U.S. Bank Trust National Ass'n v. Woodward
Opinion
NOTICE 2025 IL App (5th) 250019-U NOTICE Decision filed 09/09/25. The This order was filed under text of this decision may be NO. 5-25-0019 Supreme Court Rule 23 and is changed or corrected prior to not precedent except in the the filing of a Petition for IN THE limited circumstances allowed Rehearing or the disposition of under Rule 23(e)(1). the same.
APPELLATE COURT OF ILLINOIS FIFTH DISTRICT ______________________________________________________________________________ U.S. BANK TRUST NATIONAL ASSOCIATION, ) Appeal from the Not in Its Individual Capacity But Solely as Owner ) Circuit Court of Trustee for RCF 2 Acquisition Trust c/o ) Champaign County.
U.S. Bank Trust National Association, ) ) Plaintiff-Appellee, ) ) v. ) No. 18-CH-56 ) BRANDI WOODWARD, a/k/a Brandi N. ) Woodward; TIMBERLINE VALLEY ) SUBDIVISION HOMEOWNERS ASSOCIATION; ) UNKNOWN OWNERS AND NON-RECORD ) CLAIMANTS; UNKNOWN OCCUPANTS, ) ) Defendants ) Honorable ) Jason M. Bohm, (Latif Akbar Khan, Intervenor-Appellant). ) Judge, presiding. ______________________________________________________________________________ JUSTICE VAUGHAN delivered the judgment of the court.
Justice Boie concurred in the judgment.
Justice Cates specially concurred.
ORDER ¶1 Held: The trial court’s denials of intervenor’s petition to intervene and request for additional time to obtain counsel are affirmed where the trial court’s rulings were not abuses of discretion.
¶2 Intervenor, Latif Khan, appeals the trial court’s denial of his petition to intervene and motion for additional time to obtain counsel. For the following reasons, we affirm.

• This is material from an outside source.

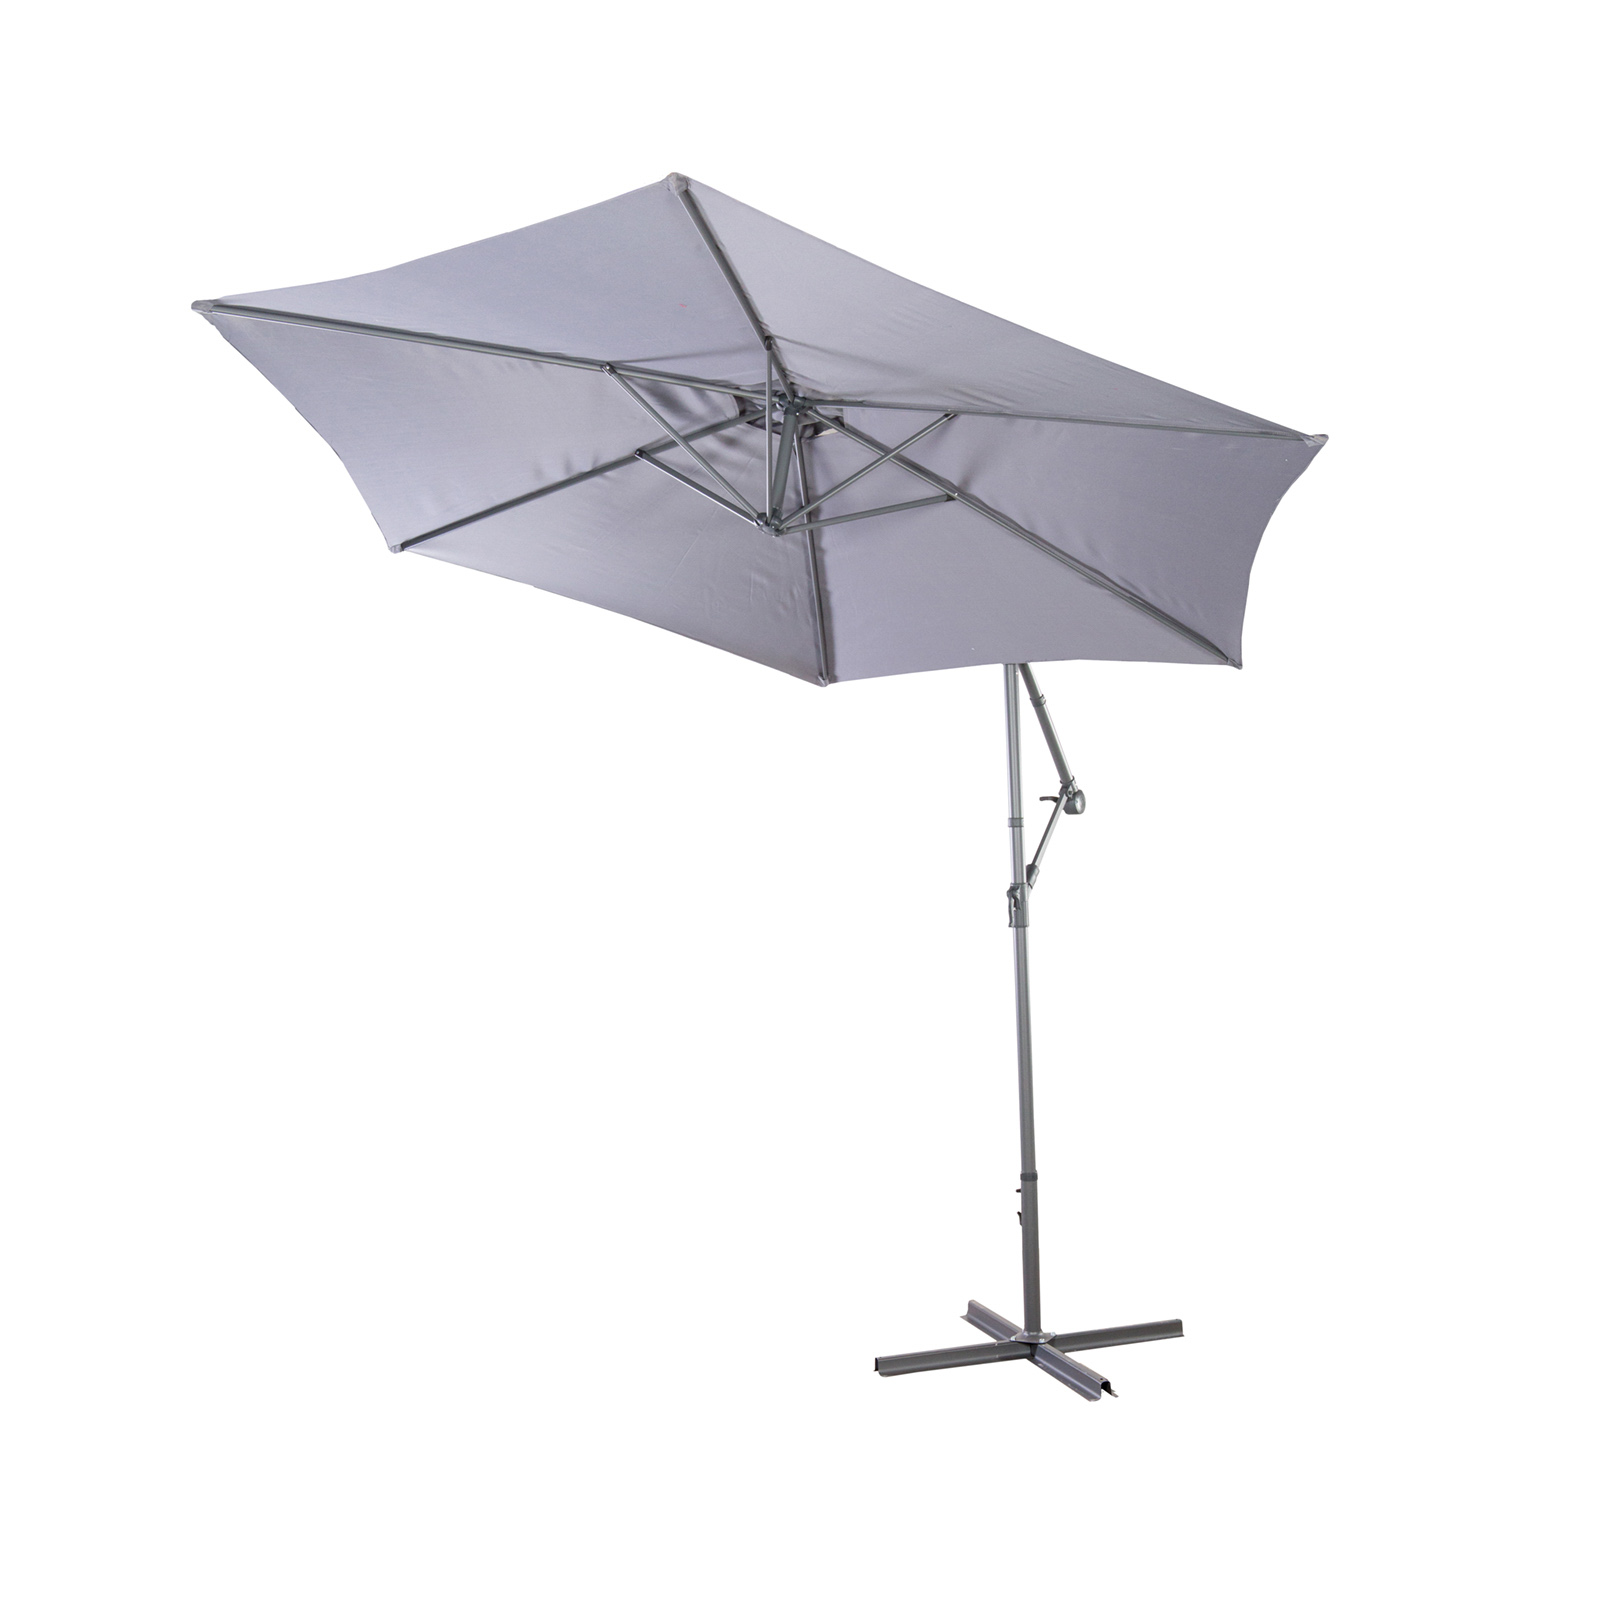 ampelschirm sonnenschirm 3m sonnenschutz schwenkbar aluminium gestell grau ant ebay. Black Bedroom Furniture Sets. Home Design Ideas

¶3 BACKGROUND ¶4 On March 5, 2018, PHH Mortgage Corporation (PHH Mortgage) filed a complaint to foreclose mortgage on defendants Brandi Woodward and Timberline Valley Subdivision Homeowners Association as well as unknown owners, non-record claimants, and unknown occupants. Copies of the subject mortgage and promissory note were attached to the complaint. In addition to the complaint, PHH Mortgage also filed an “affidavit as to unknown owners and non- record claimants [and] unknown occupants,” which was defined to include “any other entity or person who claim[ed] an interest” in the property securing the mortgage. Brandi was served on March 13, 2018. The treasurer of the homeowners association was served on March 27, 2018.
¶5 On August 7, 2018, PHH Mortgage filed a motion for default, a motion for judgment of foreclosure and sale, and motion to dismiss unknown owners and record claimants. The motions were set for hearing on August 20, 2018, and no one appeared except PHH Mortgage’s attorney.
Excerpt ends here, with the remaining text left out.